Working on native AirSpy support for dump1090-fa

In what respect?

It will be also interesting to compare with 20MHz and 24MHz…

You have a couple of conditional branches deep in the FIR code that won’t be helping there.

edit: you may also want to mess with the build flags to try to convince gcc to auto-vectorize; try (assuming a Pi 4) -mfpu=neon-vfpv4 and/or -march=armv8-a+simd and/or -funsafe-math-optimizations and/or -mtune=cortex-a72. ymmv, options not actually tested…

1 Like

Would be nice if those options will be passed based on actual platform. x86 will probably make use of SSE, SSE2, SSE3, SSSE3, SSE4.1&4.2…?

That is in progress.

1 Like

How would anyone sell a product without proper engineering ans stay in business?

Just don’t confuse open source and education.

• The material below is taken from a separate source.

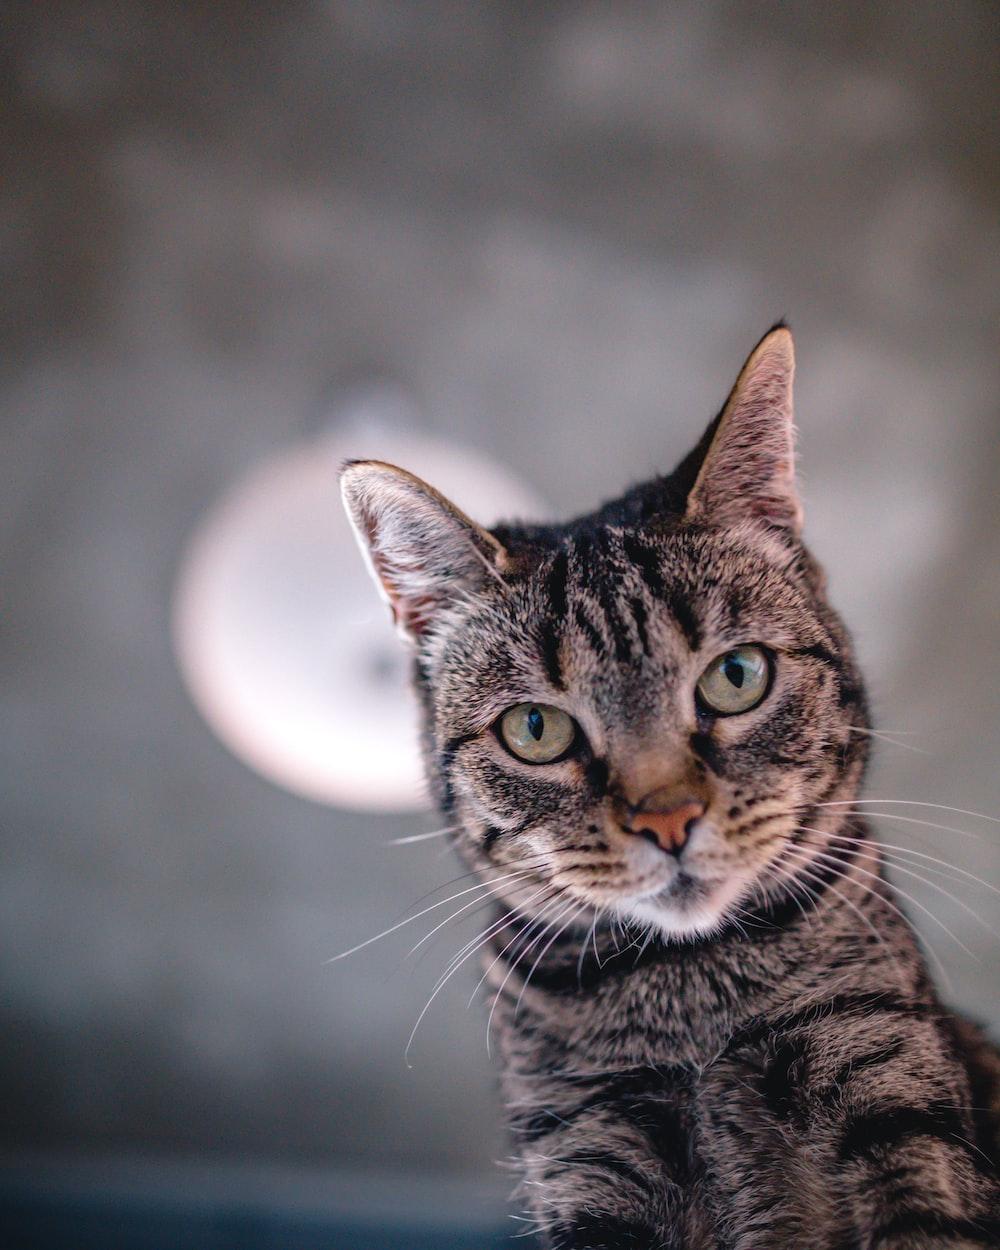 brown tabby cat looking up

You shouldn’t need any help with this: https://www.silabs.com/documents/public/application-notes/AN619.pdf

1 Like

That’s how most time is spent in tech.

Avoid:

  • Branching inside your processing loops
  • floats and doubles
  • Divisions
  • Multiplications (if possible)
  • Calculating a dot product for the samples that will be dismissed (decimated)
  • Harsh quantization to 8-bit or you will end up with 7-bit.

Also, you would get more insight about where you are going if you can include the FPS in your results.

Have fun!

2 Likes

@SoNic67 airspy_adsb is running about 15% cpu, dump1090+airspy is running about 40%, and dump1090+NESDR is runnign about 4%.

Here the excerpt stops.